# [Instructions for the task]
Exactly as written, return all the data, leaving its pictures behind.

# [Input data]
◆ ◆ ◆ ◆ ◆
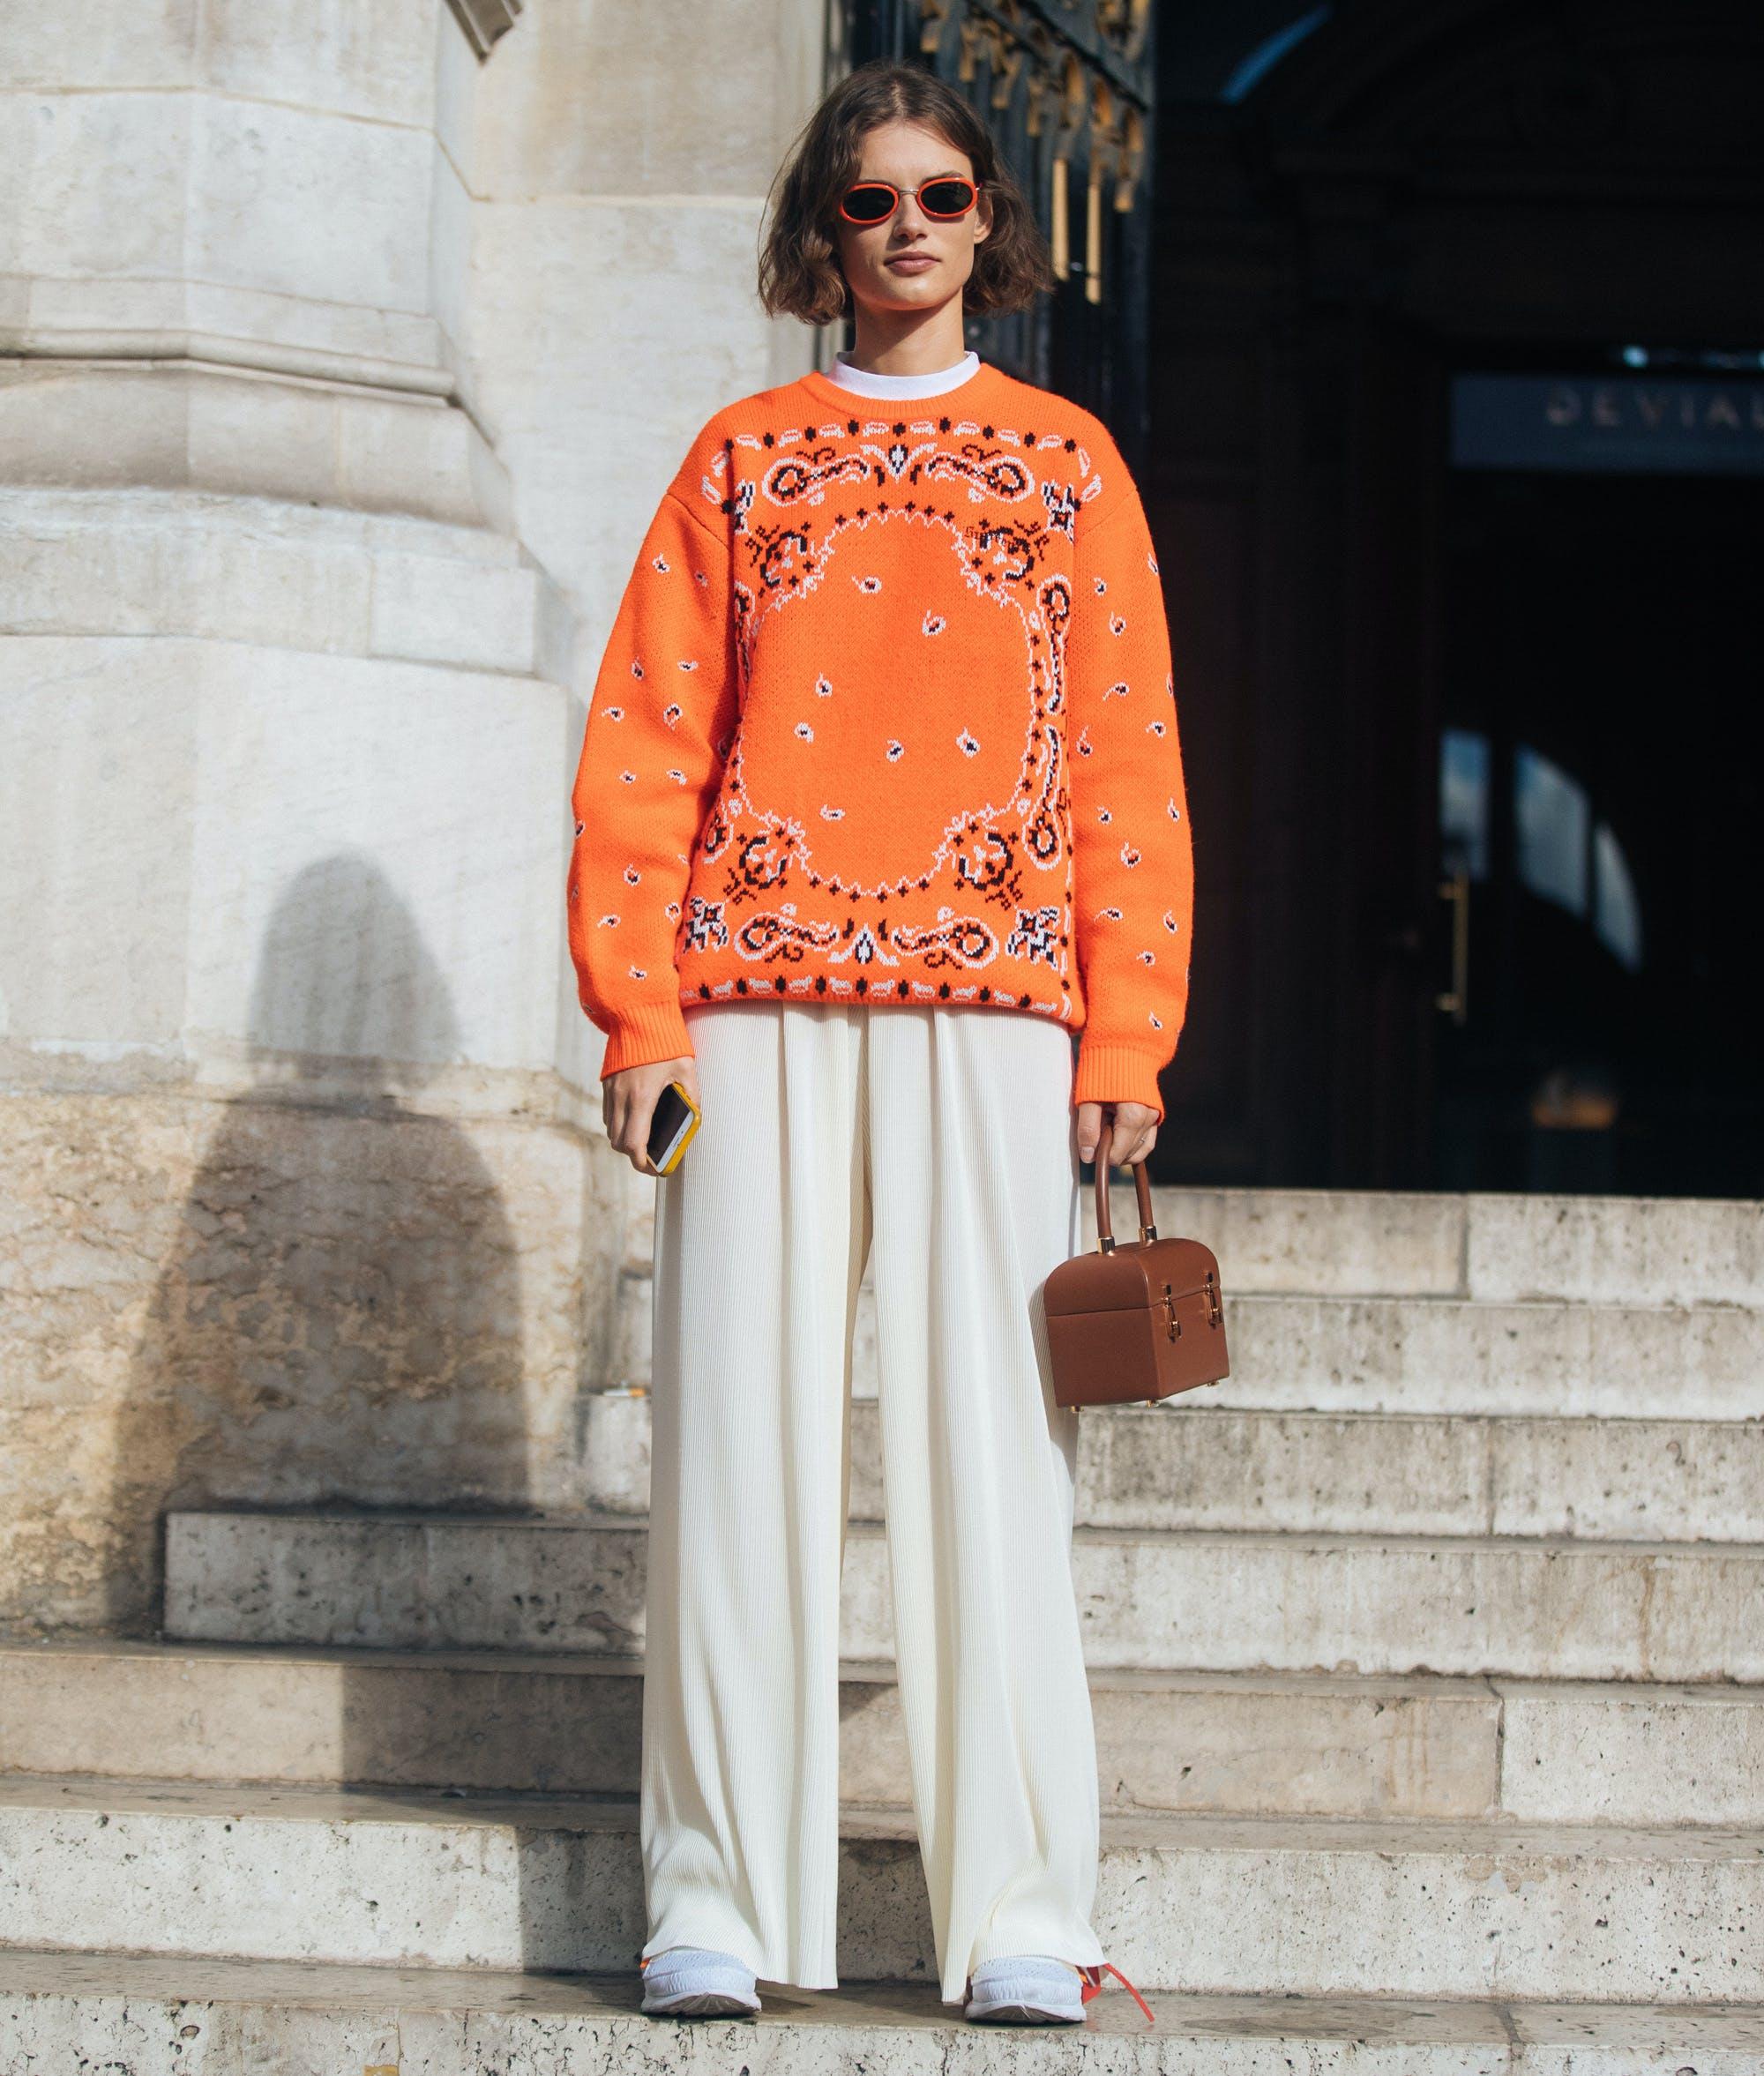 woman wearing neon orange and winter white
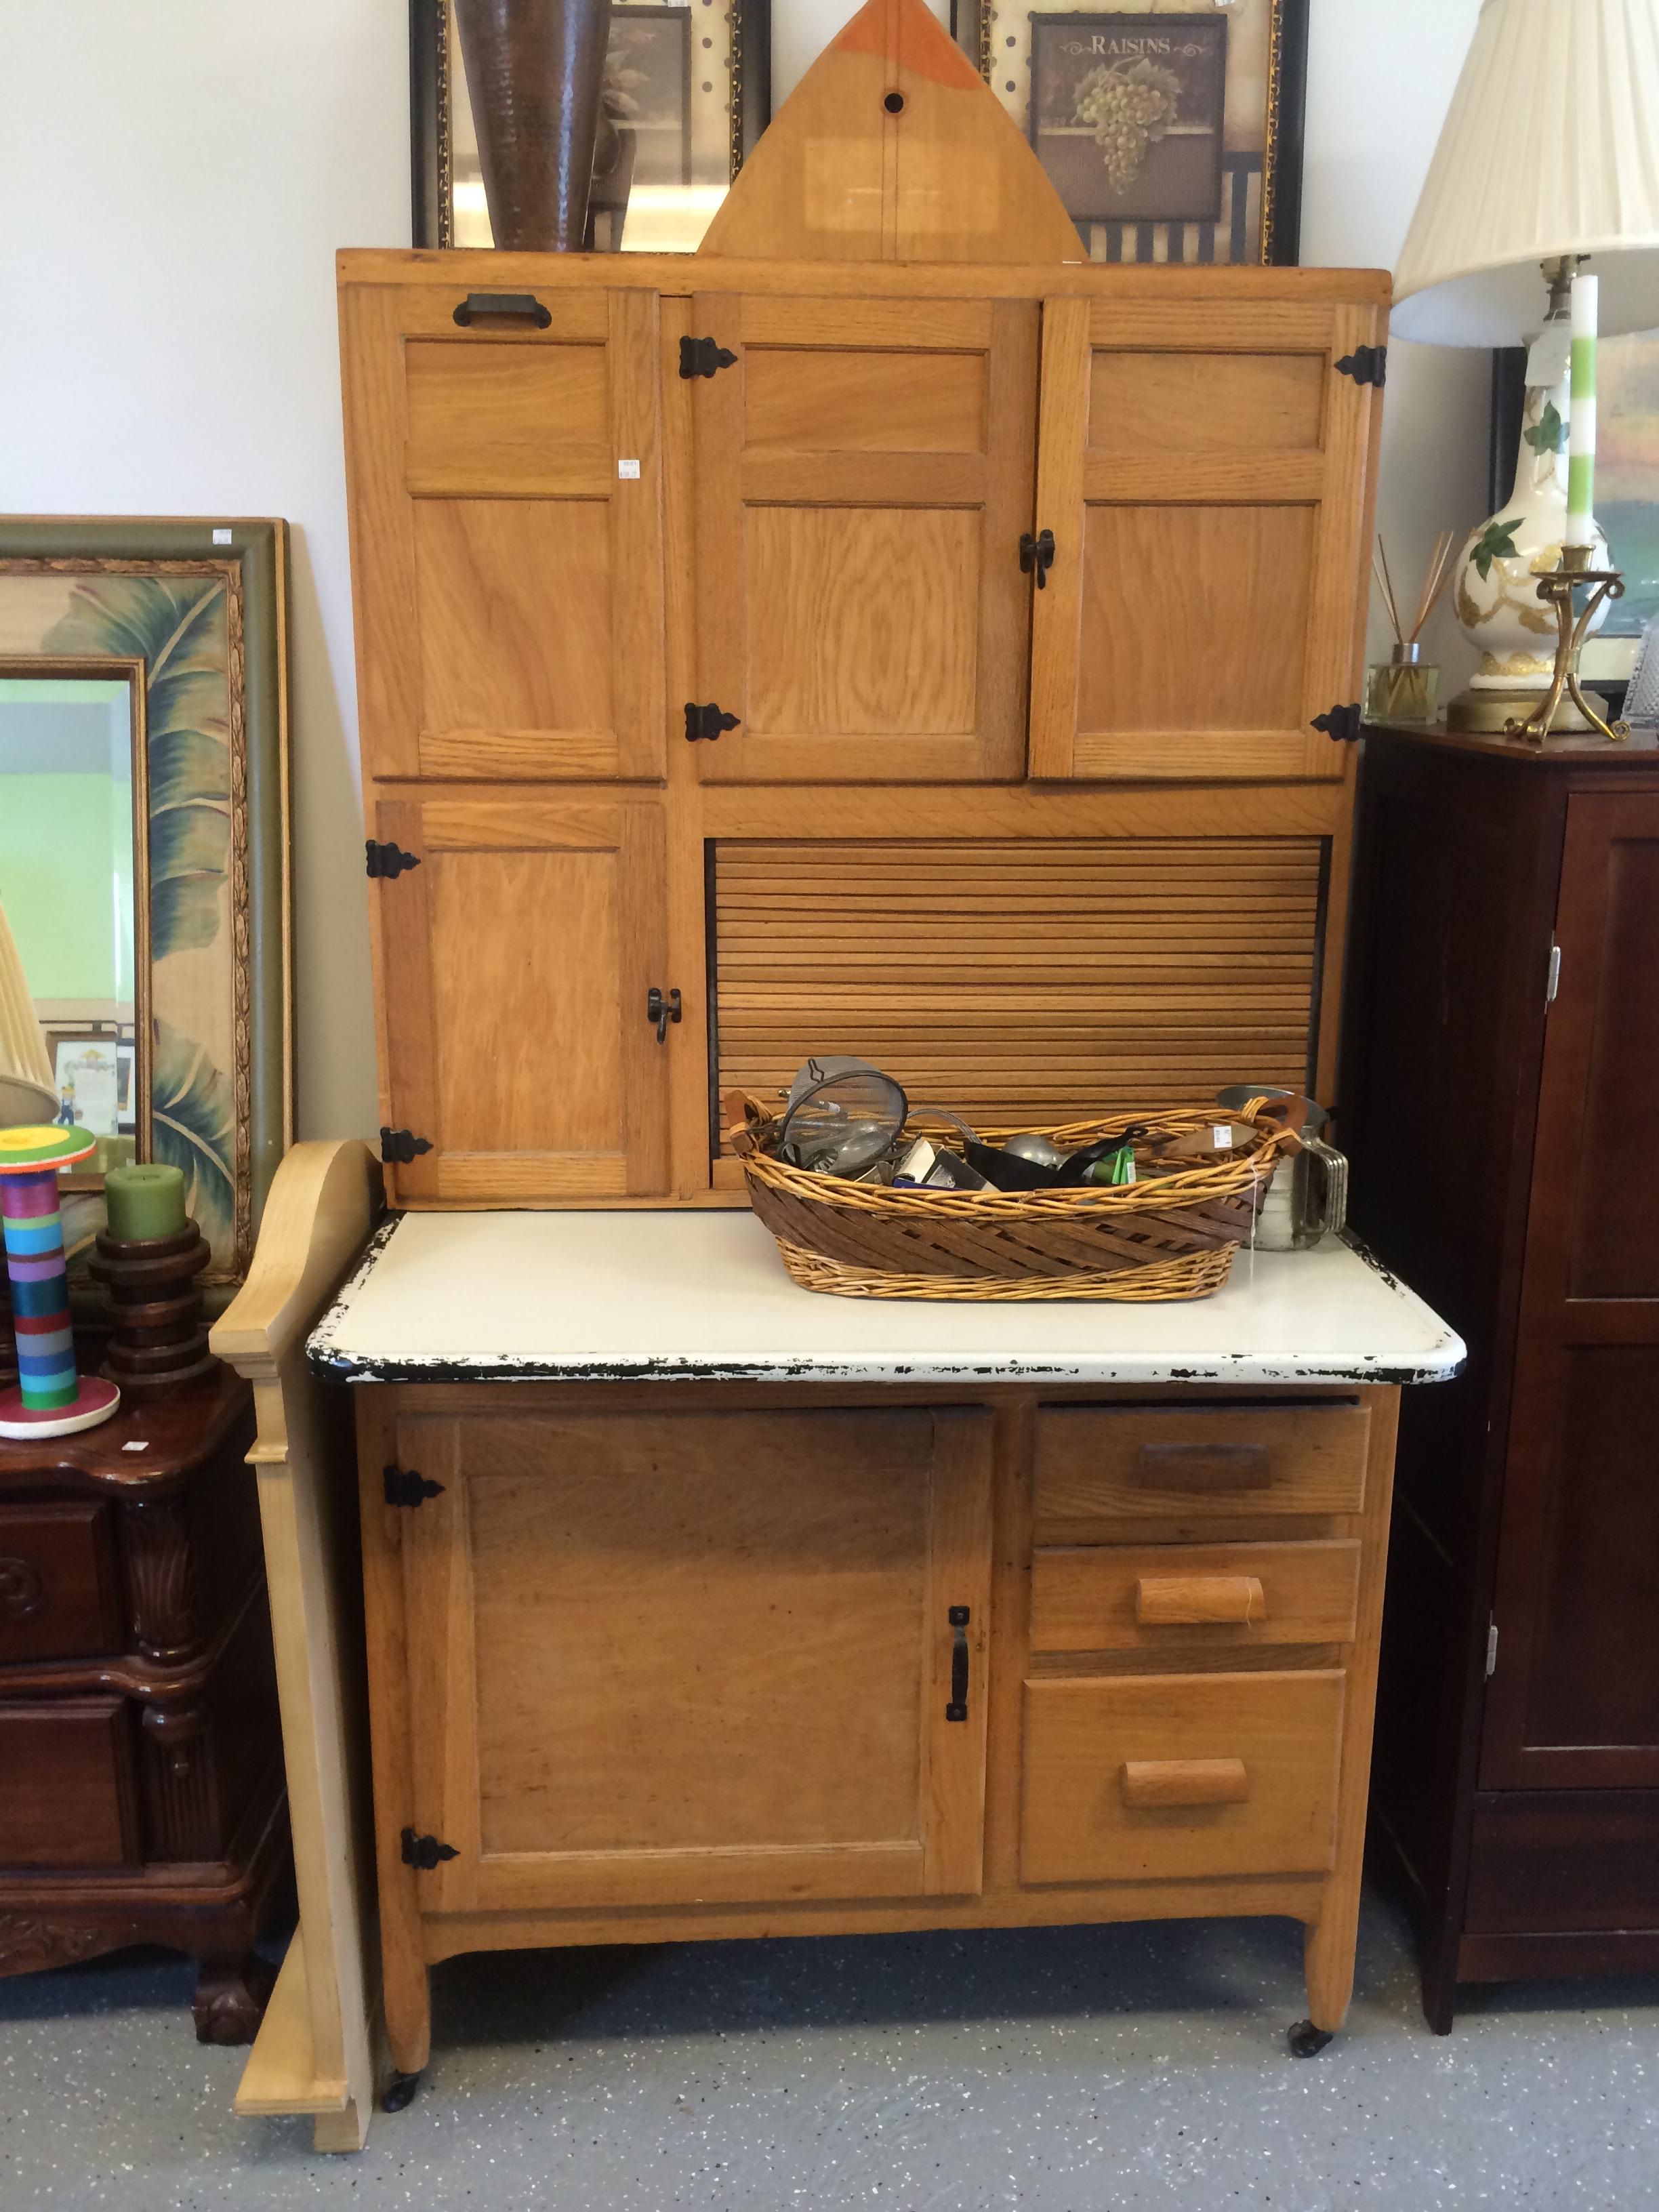 Our Furniture Decor amp More Store
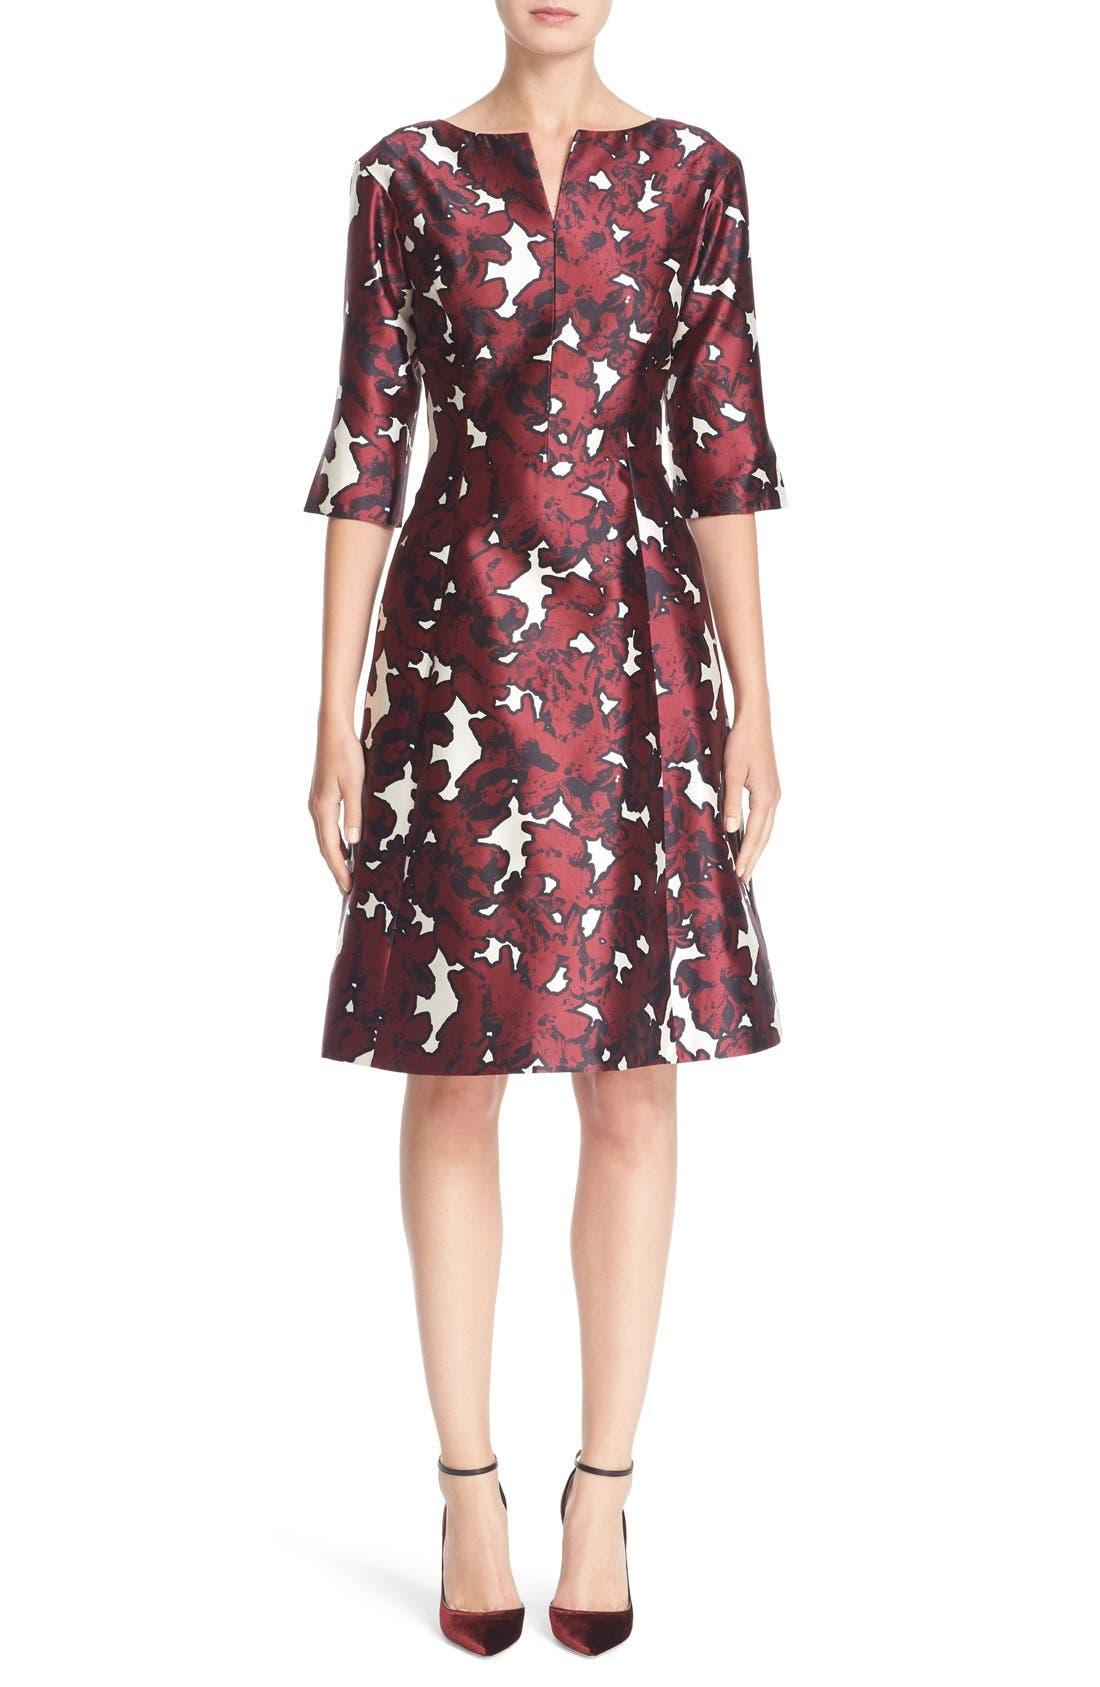 Main Image - Oscar de la Renta 'Pressed Flowers' Print Silk Mikado Dress
◆ ◆ ◆ ◆ ◆
# [Answer for this exercise]
 woman wearing neon orange and winter white
 Our Furniture Decor amp More Store
 Main Image - Oscar de la Renta 'Pressed Flowers' Print Silk Mikado Dress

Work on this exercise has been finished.